I wonder where this "something else" encoding is coming from, and how to get rid of it?
EDIT: Further research: it seems that one place where the 0xFF** encoding appears is when I do something like this:
string str = ...;
wchar_t wch = (wchar_t)str[i];
Same result no matter if it is std::string or VCL String. Is wchar_t not the same as Unicode?

I'm guessing the problem is that in your compiler char is signed (the standard allows it to be either signed or unsigned, it's implementation-defined/specific). As such, whenever you convert chars that have bit 7 set to 1 (0x80 through 0xFF) into any larger integer type, it's treated as a negative value and it gets sign-extended to preserve the negative value, or, in other words, this bit 7 gets copied to bit 8, bit 9 and so on, into all higher bits of the bigger integer type. So, 0xC7 can turn into 0xFFC7 and 0xFFFFFFC7. To prevent that from happening, cast chars to unsigned chars first.

The wide character type w_type is implementation-defined and need not correspond to the concept of Unicode character. Check out the description of w_type in the Unicode Standard.
If “Ç” is changed to 0xFFC7, it looks very much like sign extension, i.e. the character is internally stored as byte 0xC7 which is then taken as a signed 8-bit integer and converted to a 16-bit integer with sign extension.

Related

Why C++ returns wrong codes of some characters, and how to fix this?

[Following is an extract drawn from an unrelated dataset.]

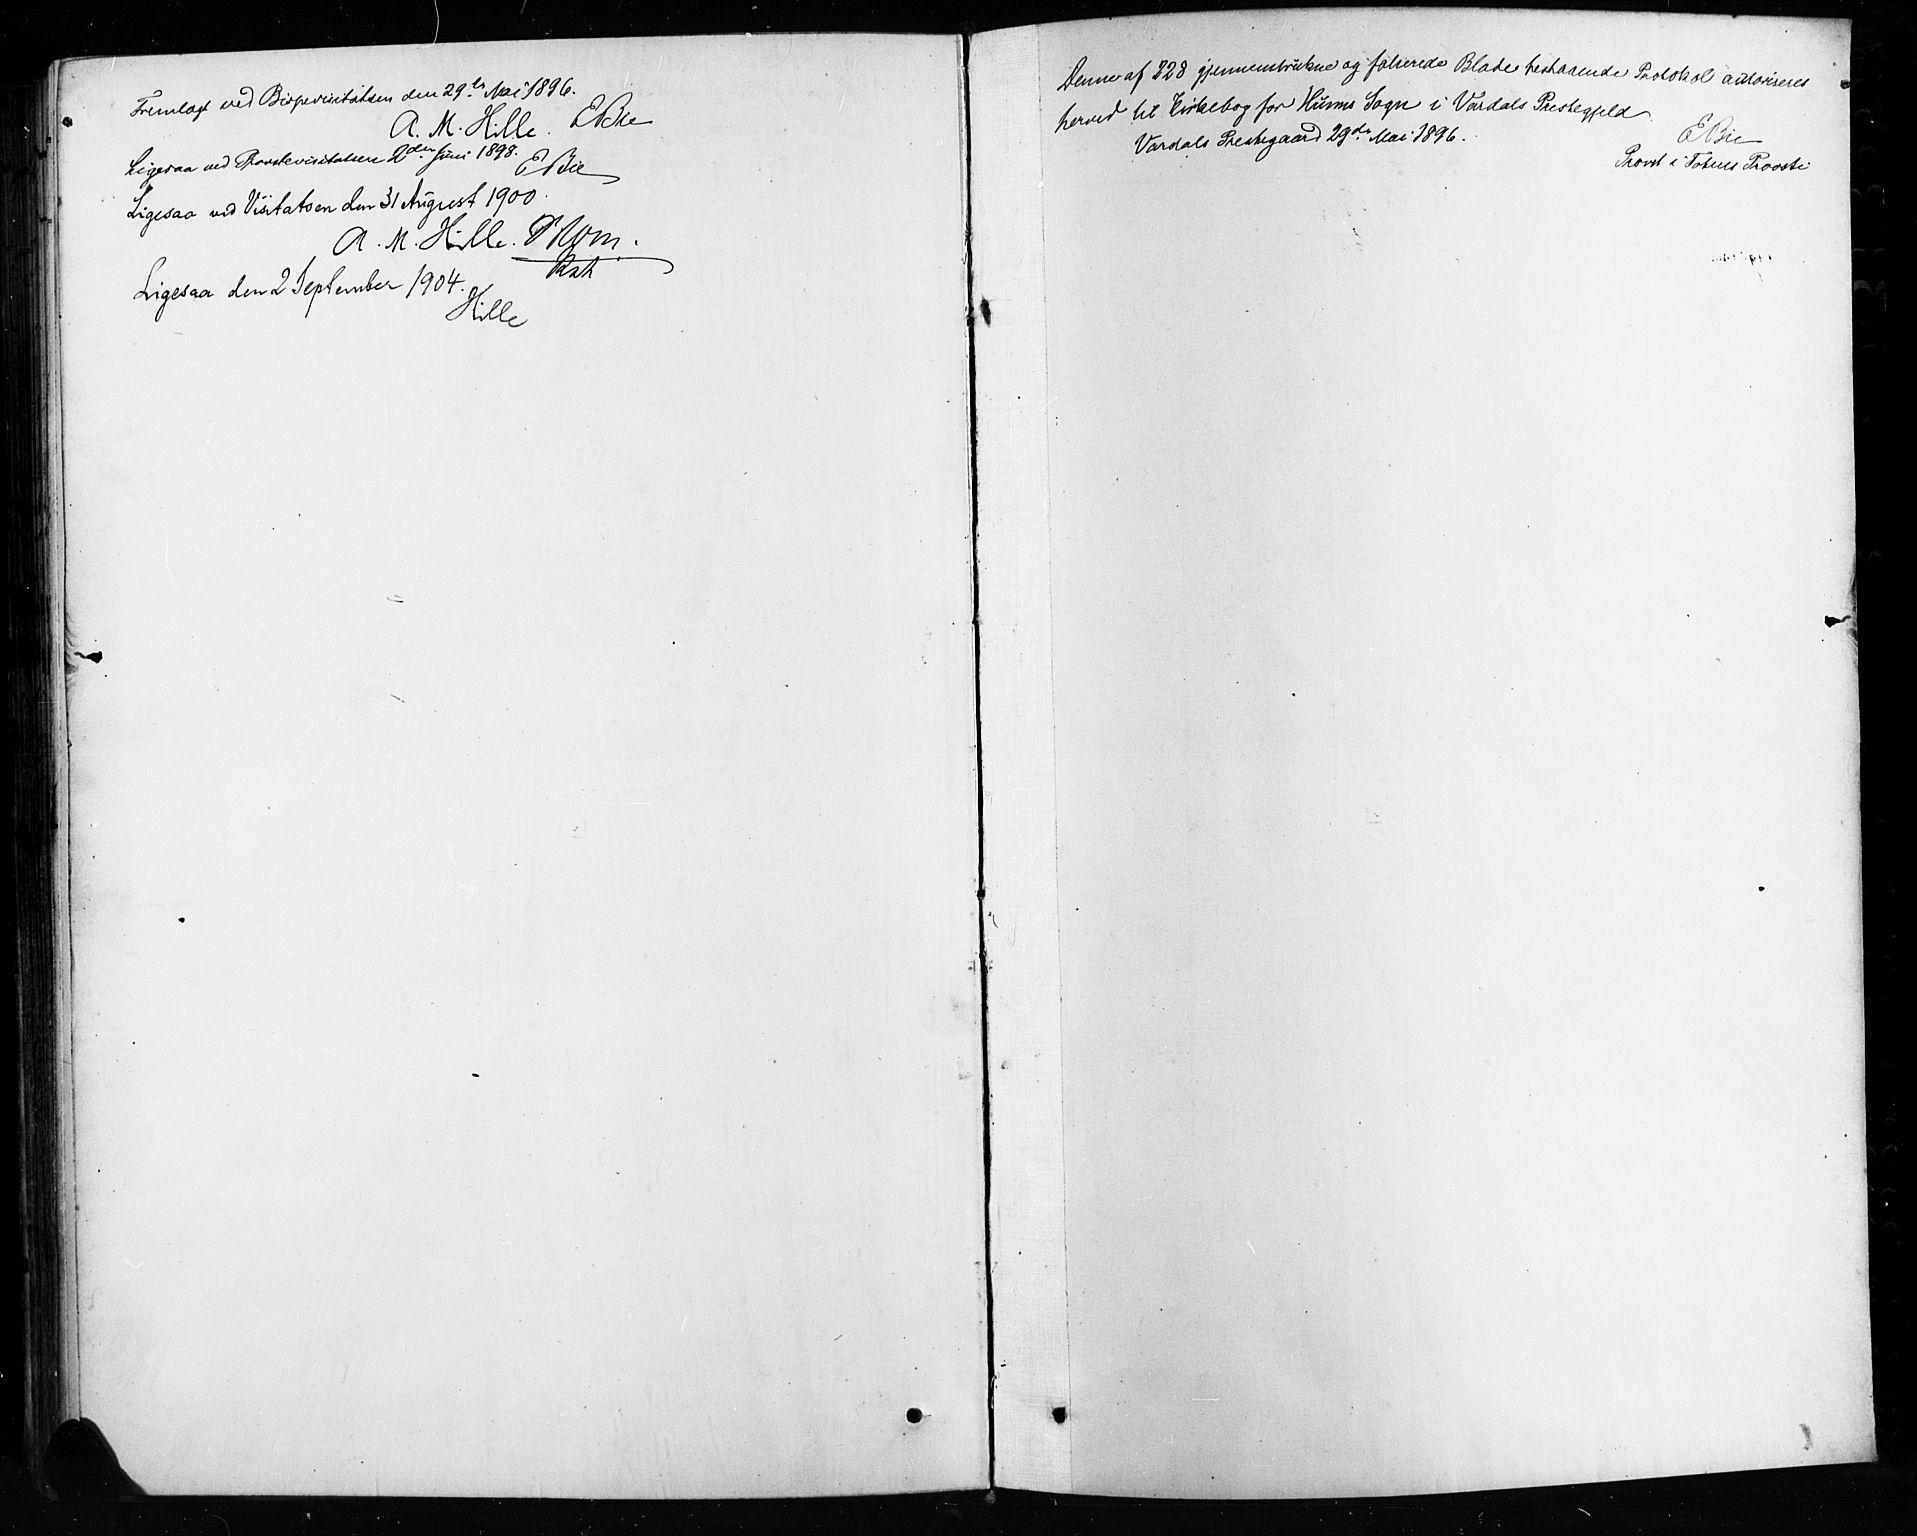 SAH, Vardal prestekontor, H/Ha/Hab/L0010: Klokkerbok nr. 10, 1895-1903

I have a simple line of code:
std::cout << std::hex << static_cast<int>('©');
This character's the Copyright Sign Emoji, its code's a9, but the app writes c2a9. The same happens to lots of Unicode characters. Another example: ™ (this's 2122) suddenly returns e284a2. Why C++ returns wrong codes of some characters, and how to fix this?
Note: I'm using Microsoft Visual Studio, a file with my code is saved in UTF-8.
An ordinary character literal (one without prefix) usually has type char and can store only elements of the execution character set that are representable as a single byte.
If the character is not representable in this way, the character literal is only conditionally-supported with type int and implementation-defined value. Compilers typically warn when this happens with some of the generic warning flags since it is a mistake most of the time. That might depend on what warning flags exactly you have enabled.
A byte is typically 8 bits and therefore it is impossible to store all of unicode in it. I don't know what execution character set your implementation uses, but clearly neither © nor ™ are in it.
It also seems that your implementation chose to support the non-representable character by encoding it in UTF-8 and using that as the value of the literal. You are seeing a representation of the numeric value of the UTF-8 encoding of the two characters.
If you want the numeric value of the unicode code point for the character, then you should use a character literal with U prefix, which implies that the value of the character according to UTF-32 is given with type char32_t, which is large enough to hold all unicode code points:
std::cout << std::hex << static_cast<std::uint_least32_t>(U'©');

how character sets are stored in strings and wstrings?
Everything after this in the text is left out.